[Supplied information]

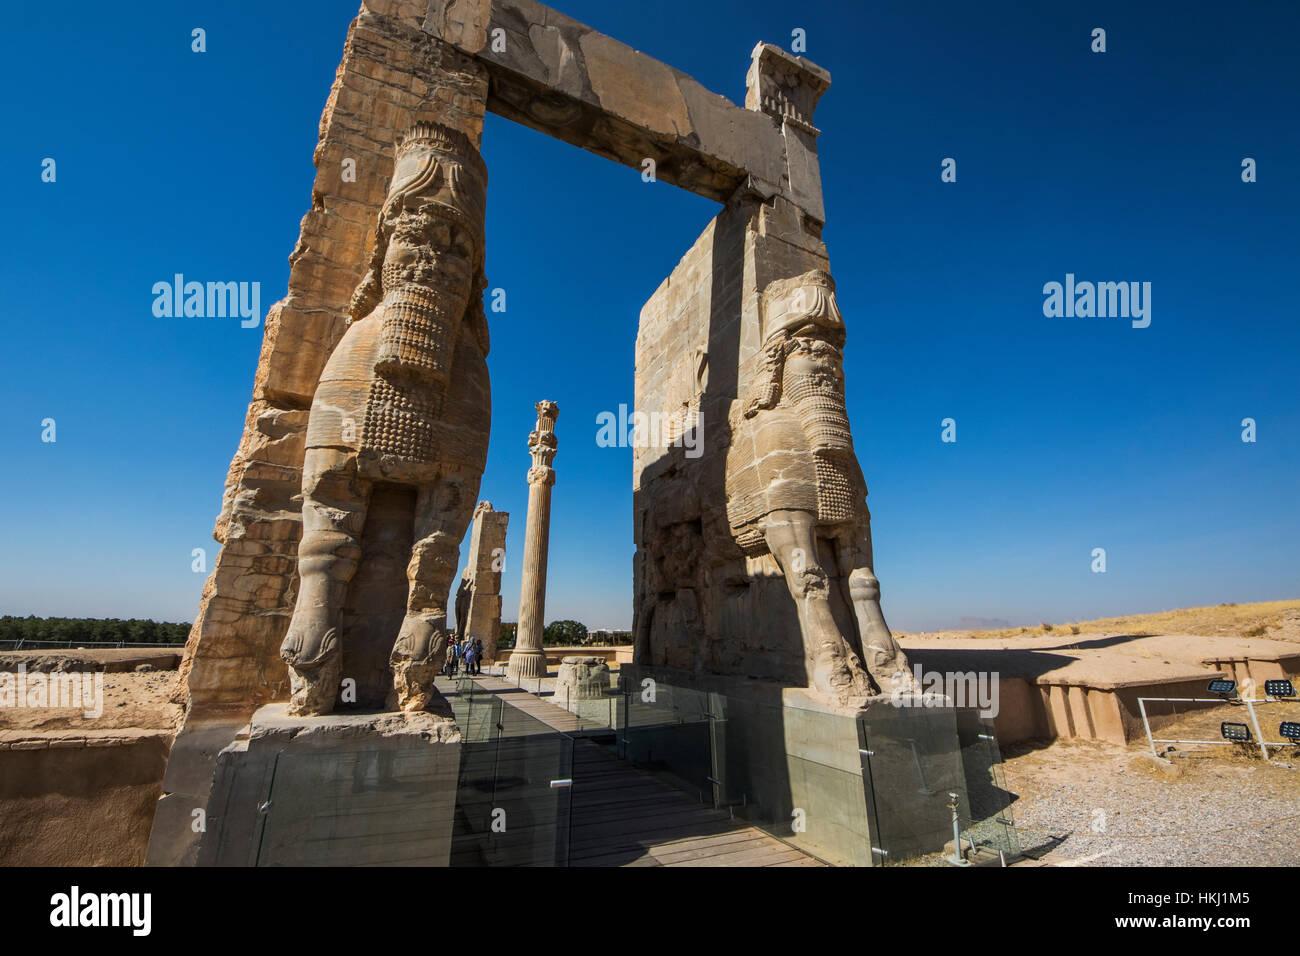 La puerta de todas las naciones, Persépolis; provincia de Fars, Irán Imagen De Stock
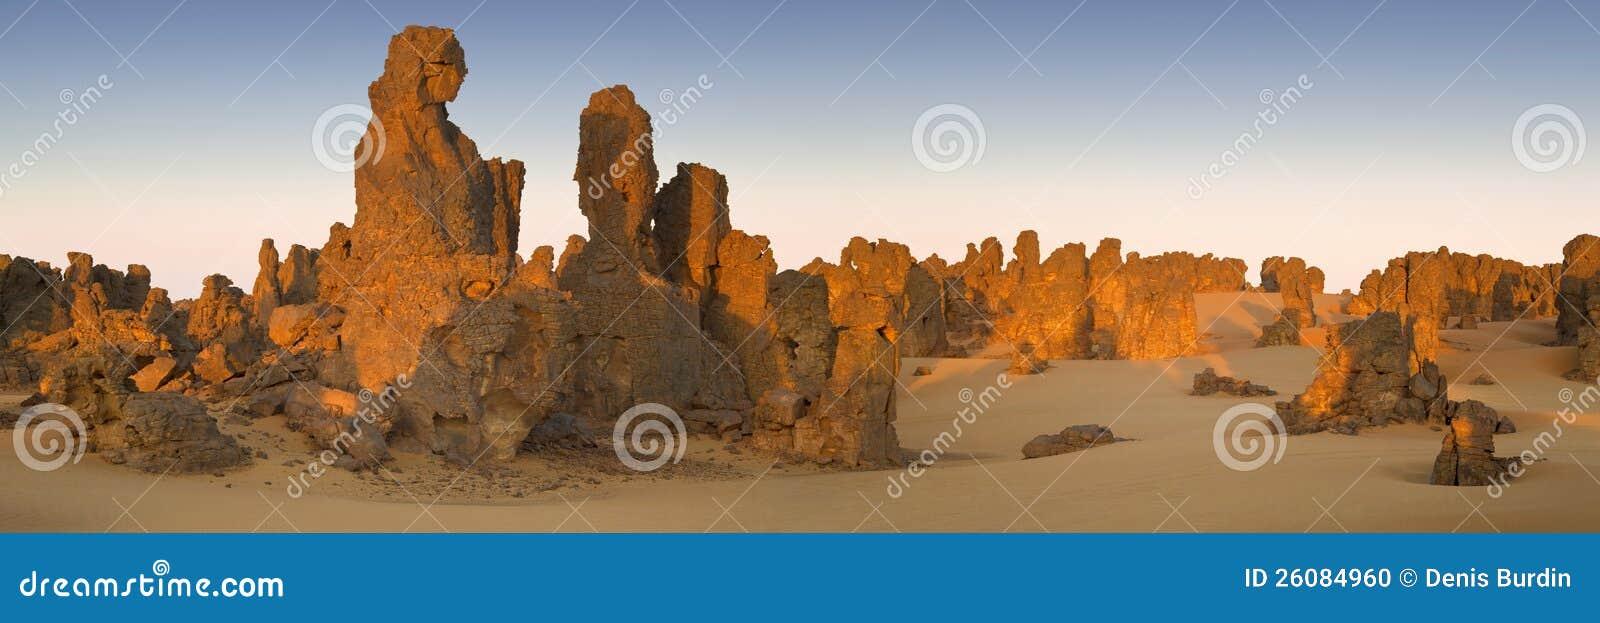 Libysche Wüste
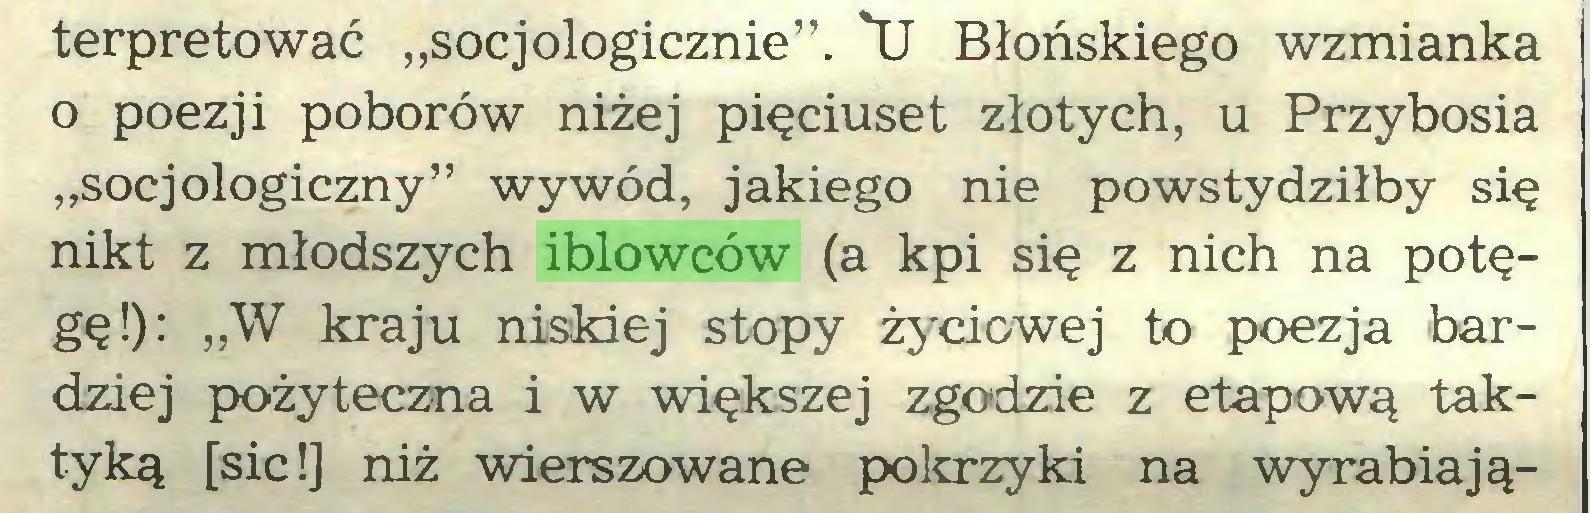 """(...) terpretować """"socjologicznie"""". 'U Błońskiego wzmianka 0 poezji poborów niżej pięciuset złotych, u Przybosia """"socjologiczny"""" wywód, jakiego nie powstydziłby się nikt z młodszych iblowców (a kpi się z nich na potęgę!): """"W kraju niskiej stopy życiowej to poezja bardziej pożyteczna i w większej zgodzie z etapową taktyką [sic!] niż wierszowane pokrzyki na wyrabiają..."""
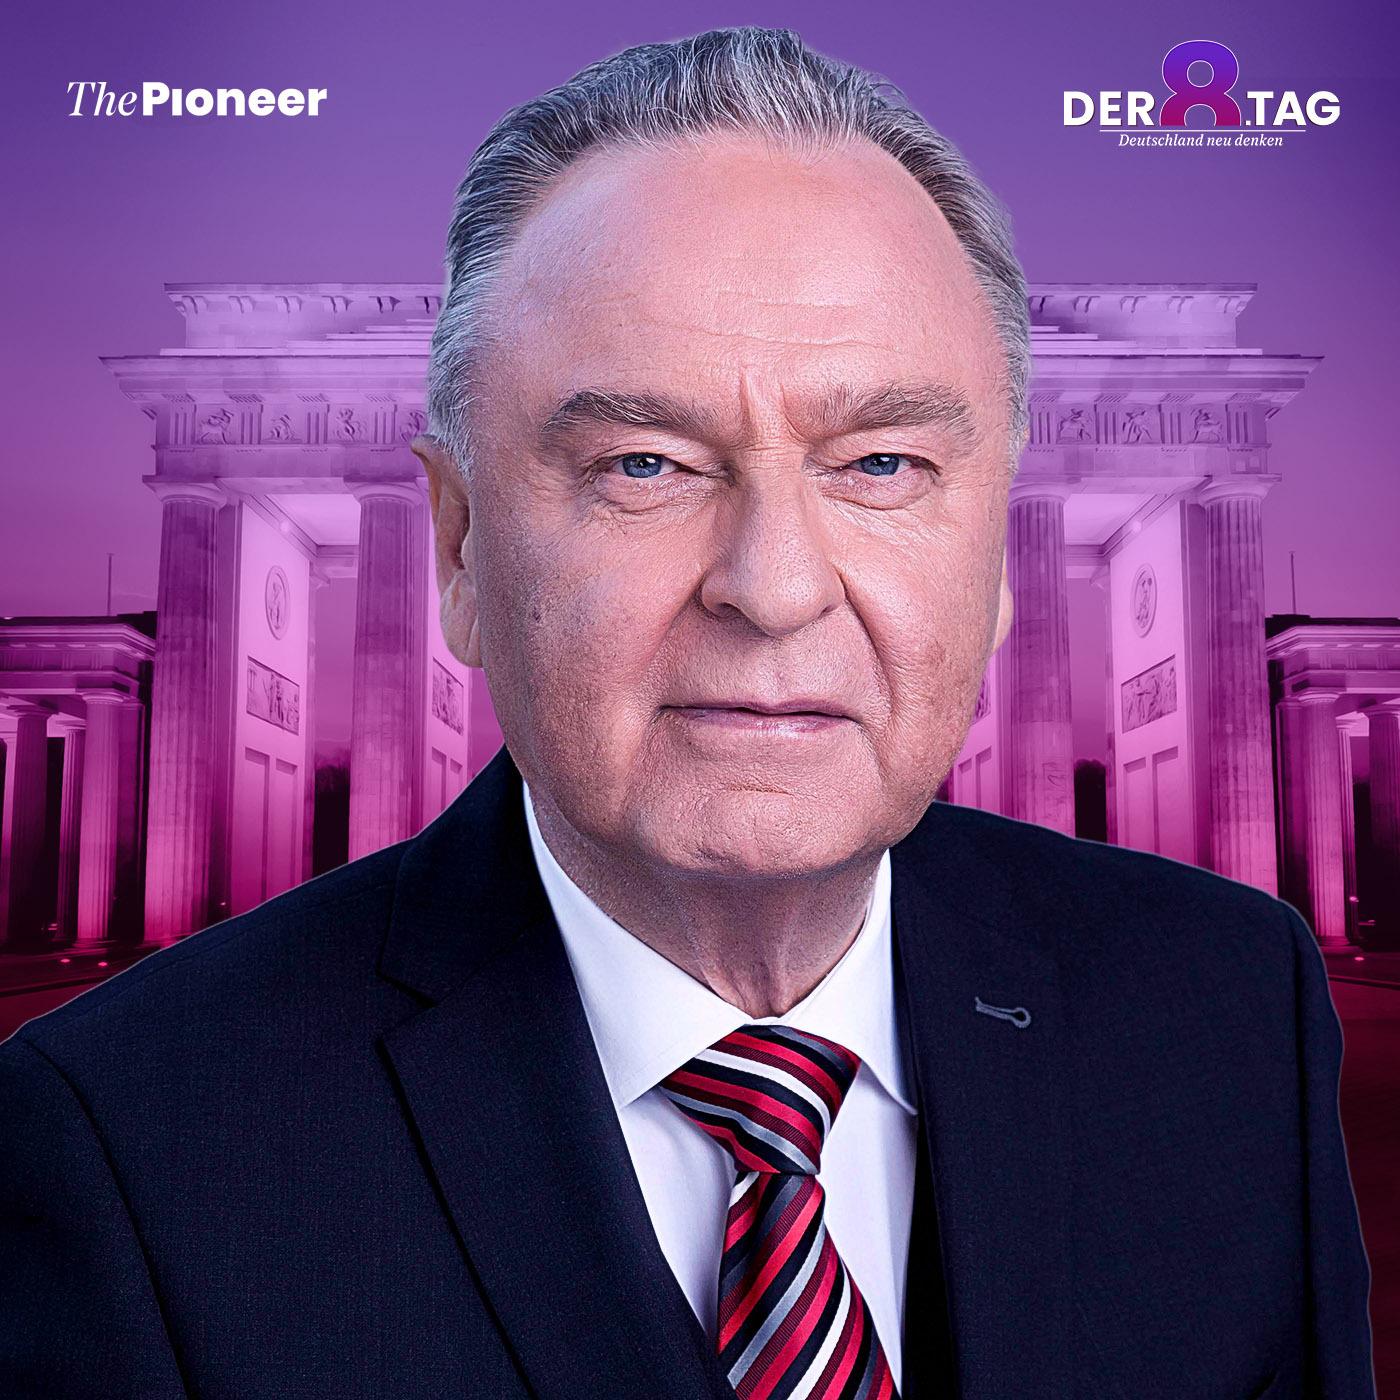 Der achte Tag #50 - Prof. Dr. Hans-Jürgen Papier: Demokratie und Rechtsstaatlichkeit krisenfest machen

[What needs to be done]
Output exactly the span of lines from the top of the listing through the line holding "Libysche Wüste", and leave every picture out.

[Written answer]
 La puerta de todas las naciones, Persépolis; provincia de Fars, Irán Imagen De Stock
 Libysche Wüste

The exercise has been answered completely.